Curieuse et touche-à-tout, Eva Morel n’a pas attendu son premier job pour explorer l’engagement sous toutes ses formes. C’est finalement dans le débat et l’action politique qu’elle a trouvé sa façon à elle de faire bouger les lignes : collaboratrice parlementaire de Sandrine Le Feur depuis octobre 2020. Spécialisée dans les questions d’agriculture et d’alimentation durables, elle nous livre ses réflexions et nous partage le cheminement qui l’a amenée jusqu’à l’Assemblée Nationale.

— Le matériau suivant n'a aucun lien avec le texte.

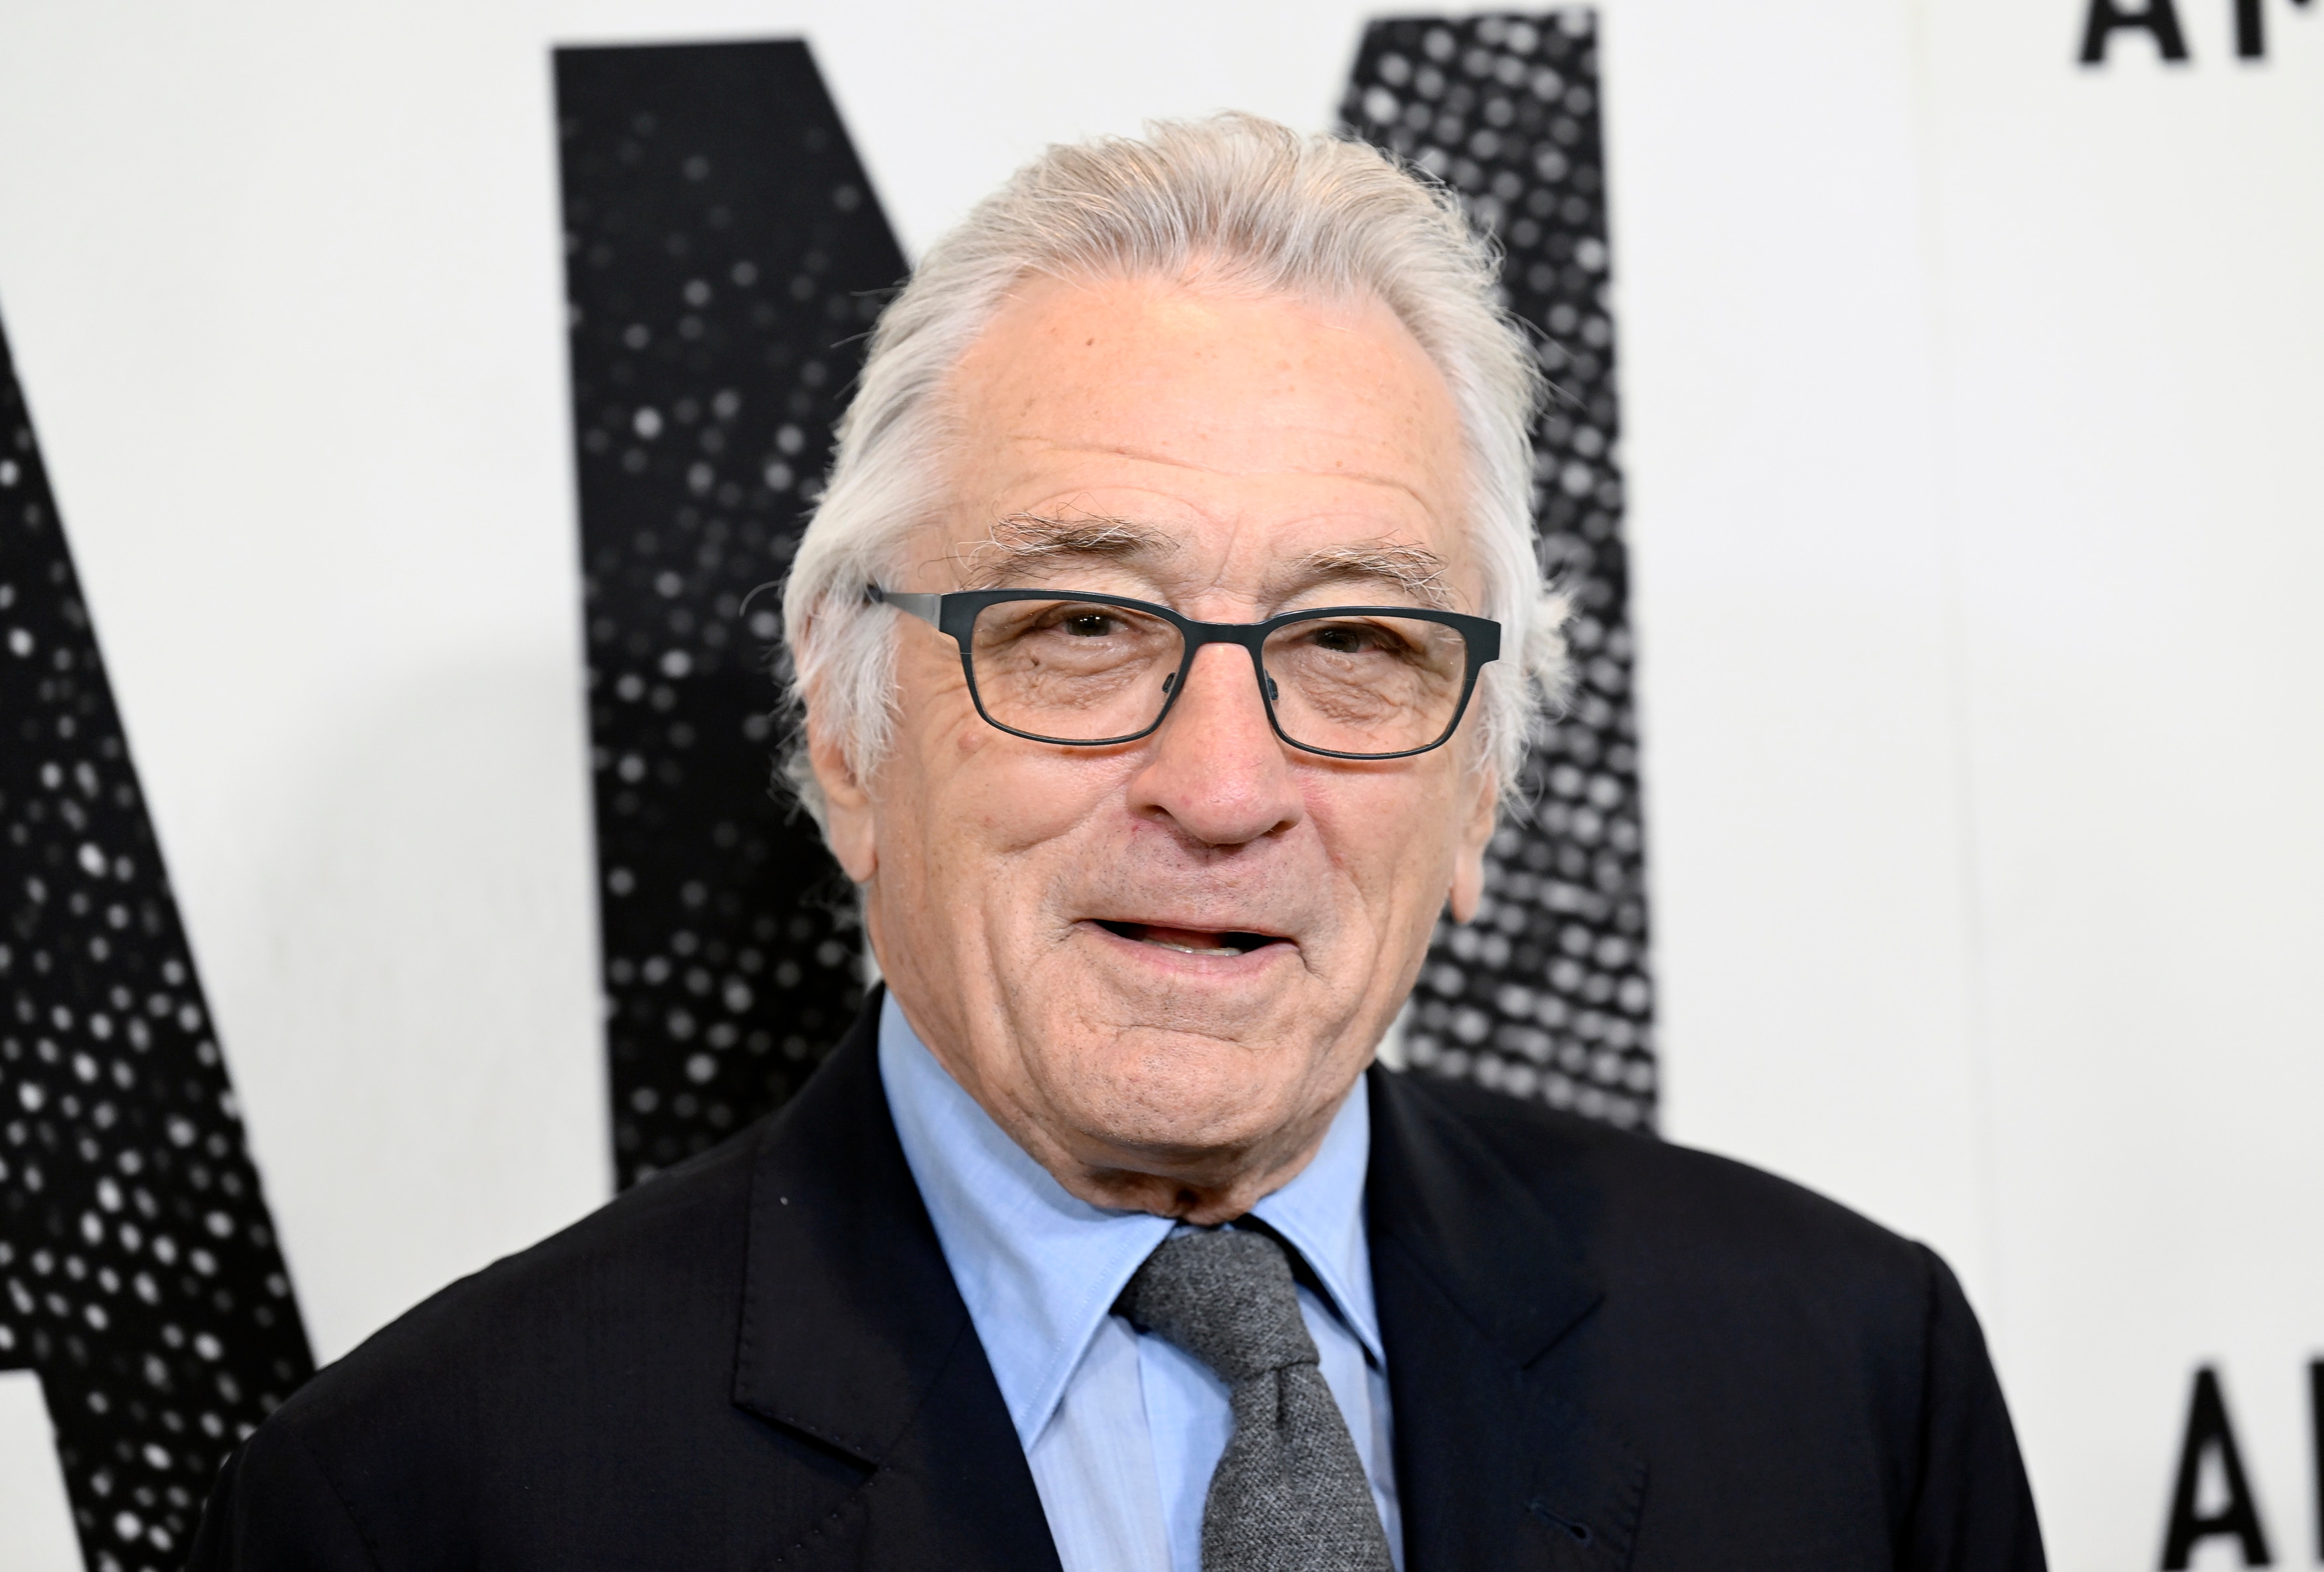 Robert DeNiro Becomes a Father again to His Seventh Child at The Age of 79

Retour sur les bancs du lycée, tu passes le bac… C’était quoi ton plan à ce moment-là ?

J’ai toujours su que je voulais travailler pour lutter contre les dégradations environnementales et le réchauffement climatique, mais je ne savais pas comment. J’avais entendu parler de Sciences Po mais je ne m’en sentais pas vraiment capable… et j’ai bel et bien échoué 😉 mais je savais que je dédierais ma vie à ça, je ne le concevais pas autrement.

Peux-tu nous raconter ton parcours d’études ? Etais-tu concernée par la transition pendant ta formation ?

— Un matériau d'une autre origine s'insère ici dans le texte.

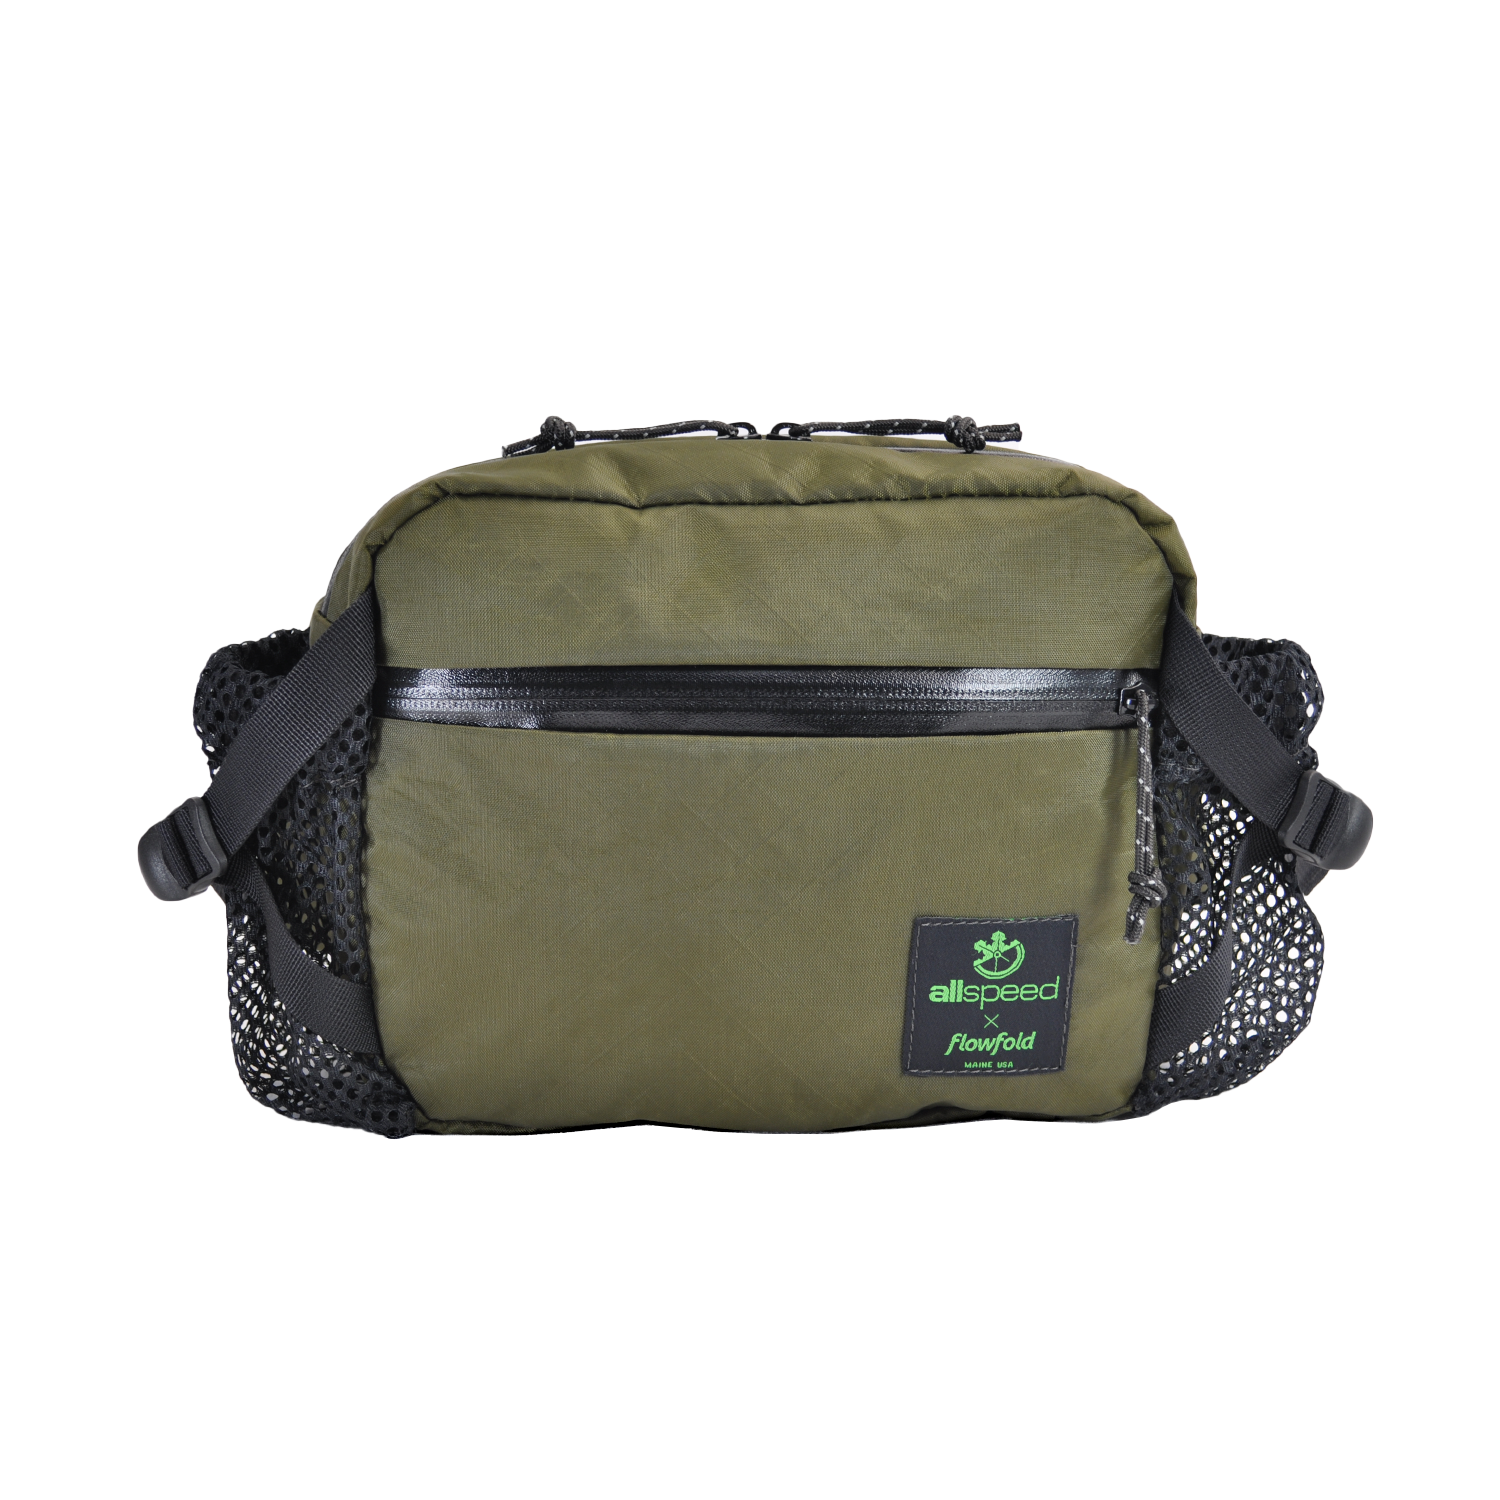 Allspeed x Flowfold Hip Pack - Recycled Olive

Je suis allée au Canada à l’Université McGill, afin de réaliser ma licence. C’était un super tremplin pour étudier à la fois les sciences politiques et l’environnement dès les premières années d’études, comme la sélection des cours du système anglo-saxon est plus malléable qu’en France.

Je me suis, en parallèle, engagée dans une association qui permettait d’aider les PME (Petites et Moyennes Entreprises) à développer une politique RSE (Responsabilité Sociale de l’Entreprise) sans frais.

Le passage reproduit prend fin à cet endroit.